On the drinks side, more than 80 wines showcase grapes across Serbia, Macedonia, Slovenia, Bosnia and Herzegovina, and Croatia.
“Wine has been a crucial part of the restaurant DNA since day one,” says Aleksandar Krsmanovic, with whom Iricanin worked to source the wine. “The majority of the list is focused on Balkan wines from indigenous grape varietals that can not be found anywhere else in the world.”
As for the harder stuff, Ambar has a bar full rakia—the beloved Balkan spirit created from fermented fruit like plums, grapes, or other stone fruit. Ambar serves almost 20 different kinds, whether neat, over ice, or in cocktails. Quince rakia, for example, makes its way into a fall-like drink with scotch and ginger syrup. Ambar isn’t immune to the espresso martini craze, making its own version with vodka, Galliano Ristretto (an espresso liqueur), China China amer orange liqueur, and hazelnut orgeat. Bottled Balkan beers will also be available, alongside fresh juices.
Iricanin has had his eyes on this high-profile corner in Shaw for some time. Back in 2018, Eater reported that he was in talks with the landlord. Five years later, the project is finally here.
The first-floor dining room, anchored by an oversized oval bar with overhead liquor shelves suspended from the 12-foot ceiling, features earthy tones, wooden elements, splashes of green, and a large mural of a preening rooster. On warmer days, garage-like storefront doors open up on both sides of the dining room to the bustling street. There’s also a dedicated pick-up window for grab-and-go dinner.
After moving from Serbia to D.C. in 2005, Iricanin worked his way up from busser to chef and partner at Richard Sandoval Hospitality’s now-closed bottomless pioneer Masa 14. The entrepreneurial restaurateur wanted nothing more than to express the best of his own culture and people—which includes all-you-can-eat dining.

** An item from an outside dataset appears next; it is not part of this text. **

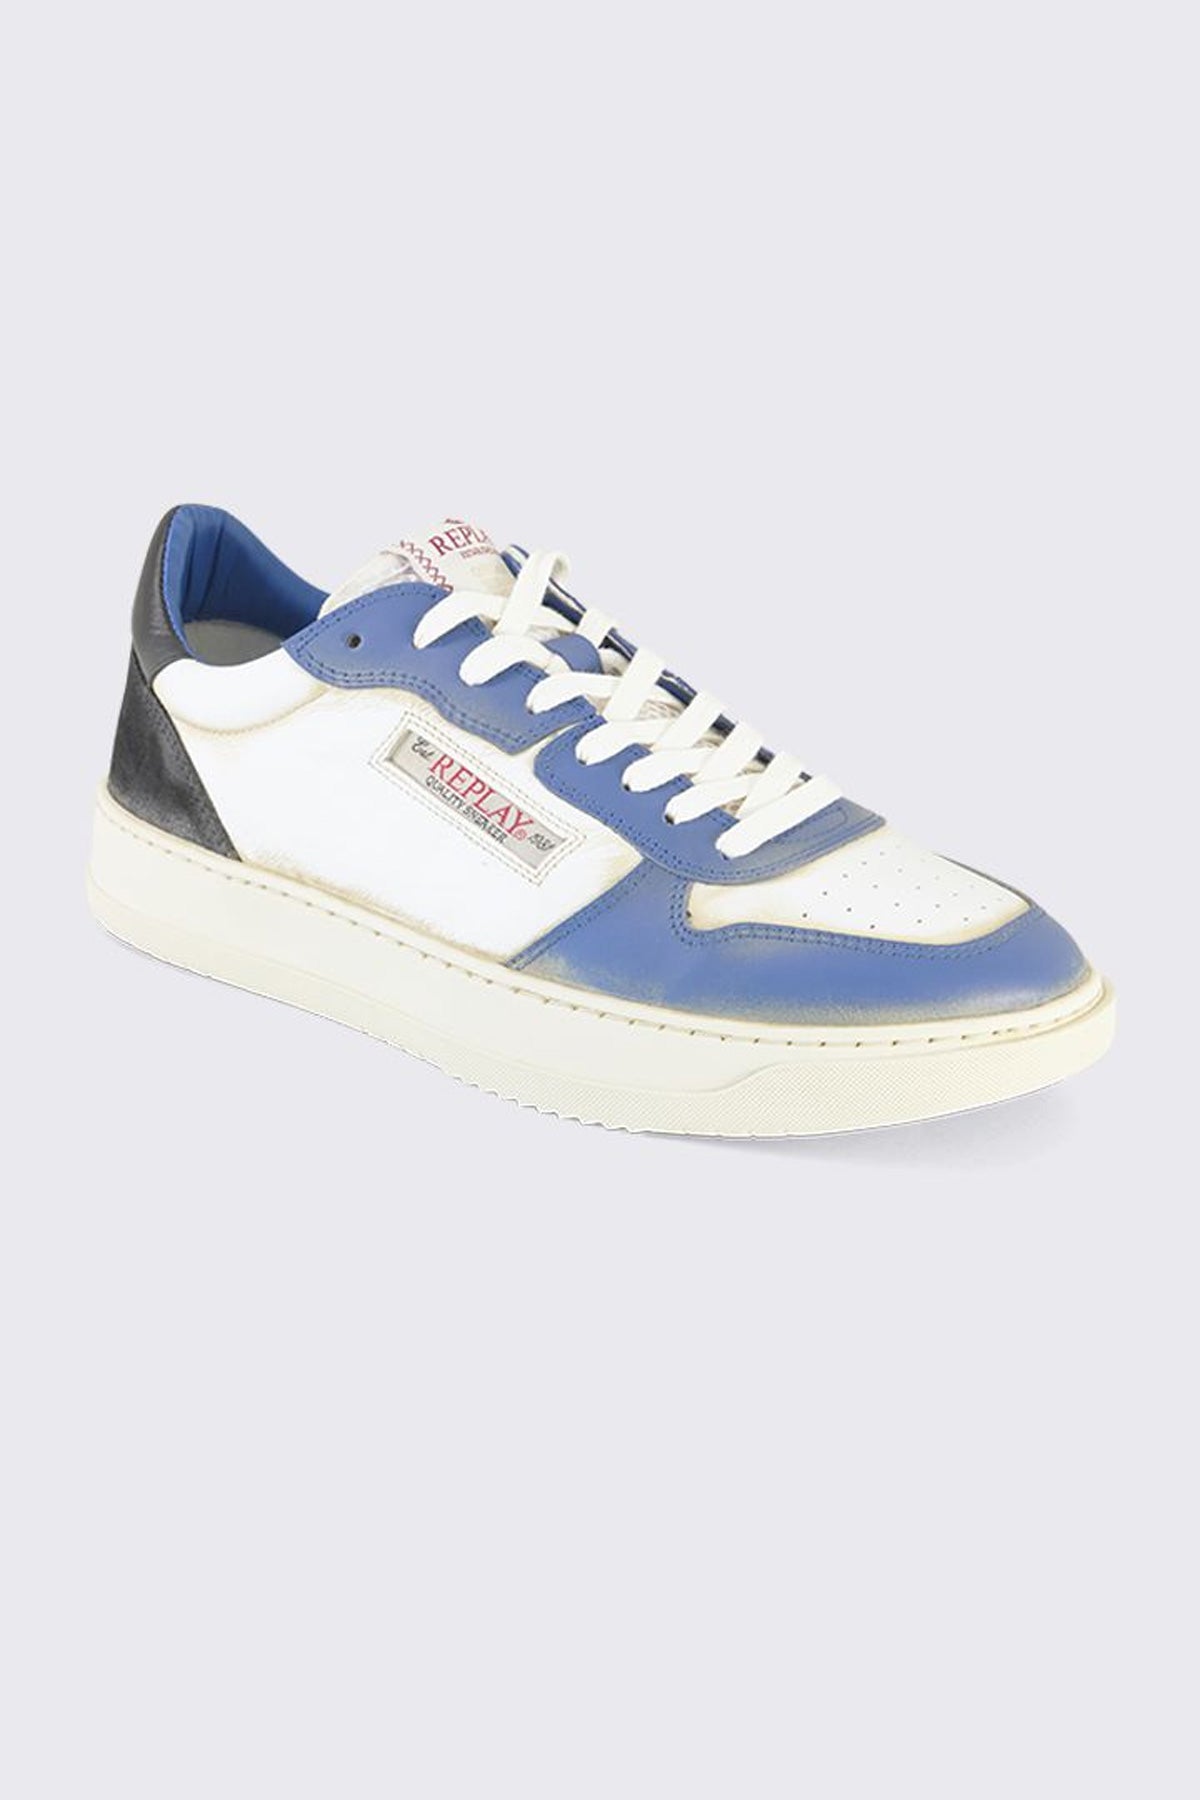 ריפליי נעלי סניקרס Reload Fluid בצבע לבן וכחול לגברים-Replay-40-נאקו

“Unlimited food is just part of the Balkan hospitality I want people to experience,” says Iricanin. “The region’s culture has much to offer, and doing it through food is the best way I know how. [Ambar] is about how to bring people closer around the table.”
On weekdays, lunch runs 12 p.m. to 3:30 p.m. and dinner runs 4 p.m. to 10 p.m. and 4:30 p.m. to 11:30 p.m. on Saturday and until 10 p.m. on Sunday. Weekend brunch runs 10 a.m. to 3:30 p.m.